How much should I spend to get a good tripod?
This is an easier question to answer – more than $100 and less than your maximum budget allows. Buying a good tripod from the beginning is an investment. I can't tell you how many students I've talked to that bought a cheap one only to end up upgrading three or four times. The advice they would give you is this
“Buy the best one you can afford now”
There are many options available so you just have to know what to look for when selecting a tripod.
Should I have a UV filter on all my lenses? What are the pros and cons?
There is much debate over whether or not you should put UV filters on the front of your lenses or not. I personally DO use them and have had instances where they've saved my lens. Here are some of the pros and cons. You decide and email me back if you have any other thoughts on it, and tell me where you stand on the subject:
- Protection from the elements. Protection from things like dust and fingerprints. Imagine a sudden wind storm while photographing on the beach. Your lens may actually become sand blasted with thousands of tiny little indents.
- Protection from impact damage (see photo above) where the filter usually takes the brunt of a fall and the lens escapes unscathed
- Cheap to repair. It's a LOT less expensive to replace a broken filter than a broken lens
- Cheap glass over expensive lens. Those that argue against UV filters say that you're putting a cheap piece of glass in front of an expensive one (your lens) and degrading the image quality and sharpness
- Cost. Why spend extra money on something you don't need
I have had the experience of a lens falling on to concrete pavement and the filter broke, but not the lens. The filter cost me about $80, the lens was $2400 to replace. You do the math and decide. If however you have less expensive or kit lenses then this factor isn't much of an issue for you.

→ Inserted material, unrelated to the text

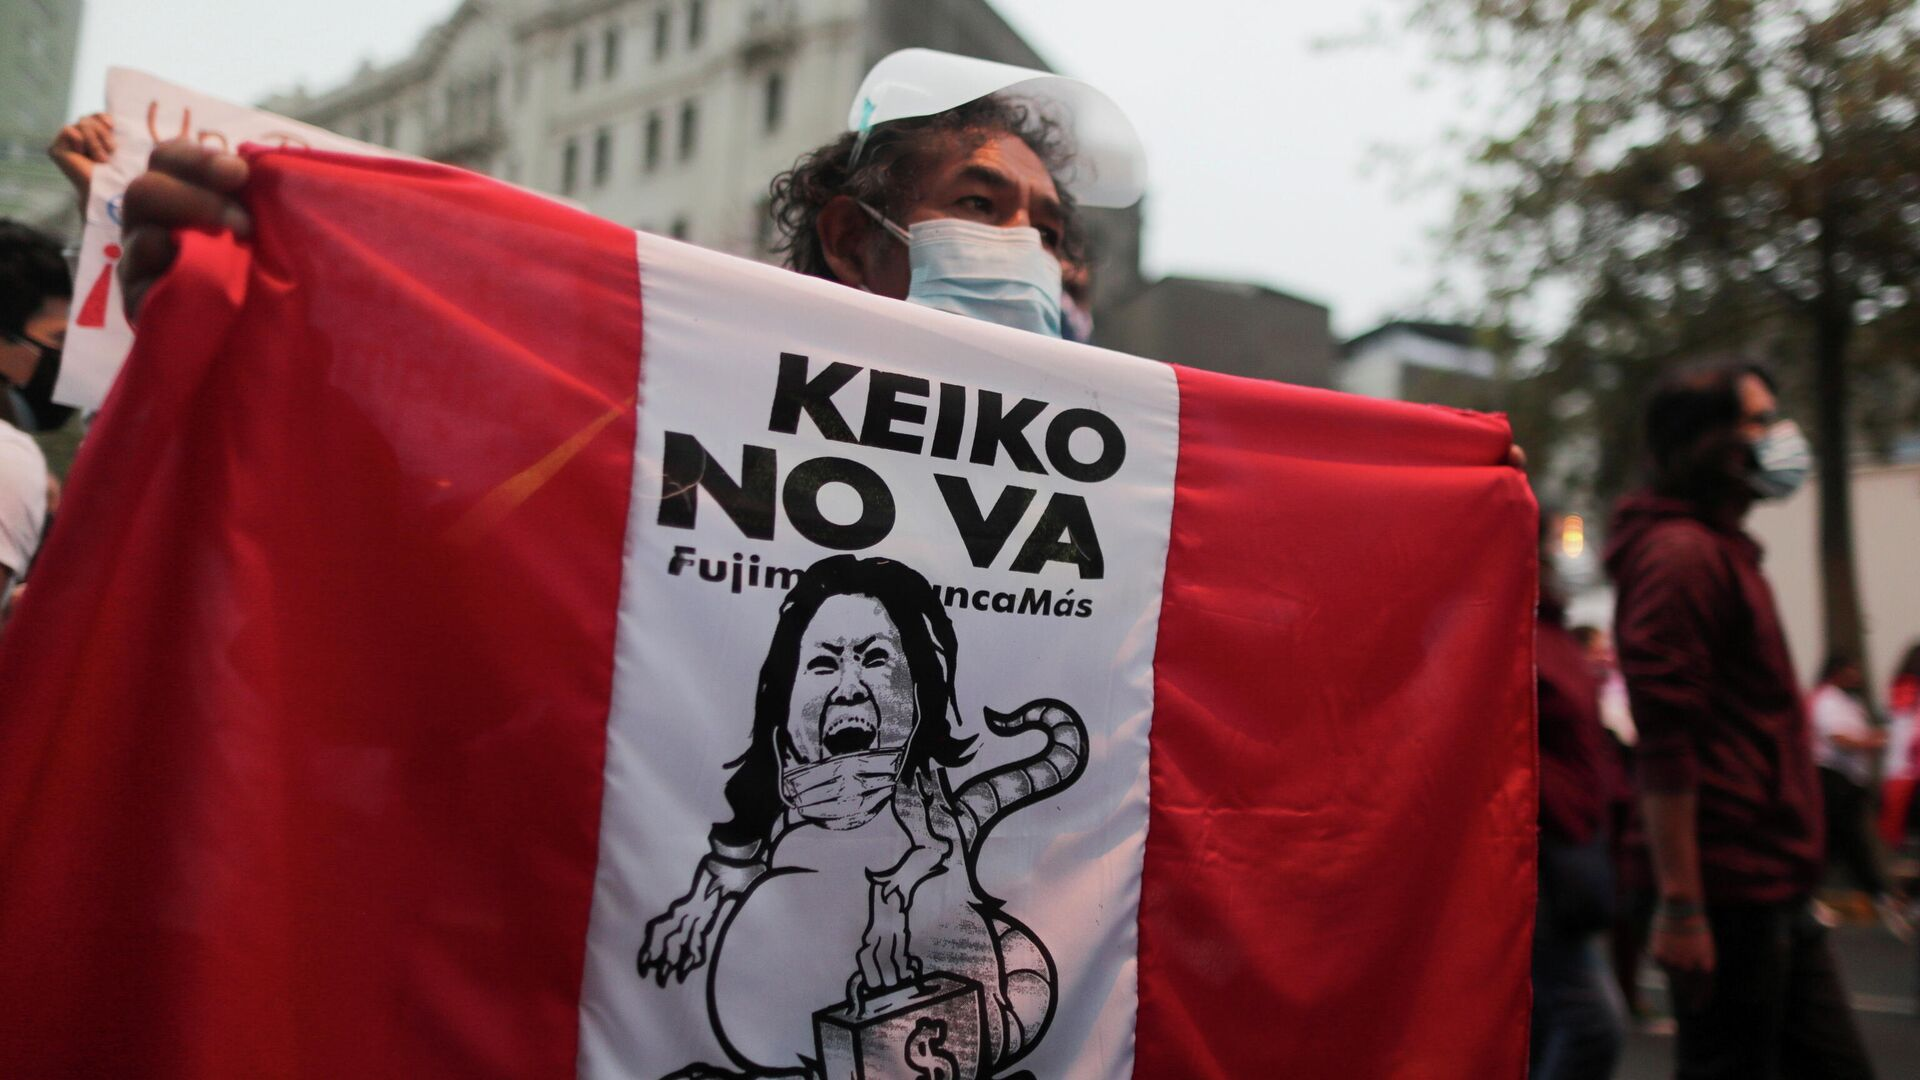 Marcha contra candidatura de Keiko Fujimori (Archivo) - Sputnik Mundo, 1920, 24.06.2021

The people against argue image quality loss, but I've not noticed any difference personally. I have a tendency to use large apertures like f2.8 or f1.8. At those apertures the depth of field is so narrow that where you focus is super critical. Something on the front of the lens will not even show up, let alone damage the image quality, in my opinion anyway.
In fact, you can actually put a pencil directly in front of your lens and it will NOT appear in your image at such apertures? Don't believe me try it yourself (you have to use a large aperture though) or check this article on Invisible Pencils
So what are your thoughts? Do you use UV filters now? Are you going to rush out and get some, or take them all off? You tell me!
I'm just starting and want to buy my first DSLR, which one should I get?
The best advice I can give you here is two fold:
#1 – It's doesn't matter, all the major brands are good
#2 – Get the one you can afford
I'm a Canon Girl
I joke about putting the Canon folks on one side of the class and the Nikons on the other in my classrooms, but mostly we just do that so they can help each other find settings.
I'm a Canon girl, always have been, always will be.
The reason I'm sticking with Canon is that I have a lot invested in lenses and I really am one with my camera.
Switching would not only cost me a lot of money, but probably lost shots too because I'd be less familiar with my camera and fumble at settings for a while.
Buying your first DSLR? Here's my suggestion: Go to an actual camera store (one where that's all they sell and the staff know their f-stops from their ISO) and try some out. See how they feel in your hands, is one comfortable and one clumsy? Go through the menus and press some buttons – does it feel intuitive?
Even better, find out if they will let you rent one and try it out for a couple days. Some camera stores that offer rentals will apply the rental price against the purchase price if you end up buying the camera.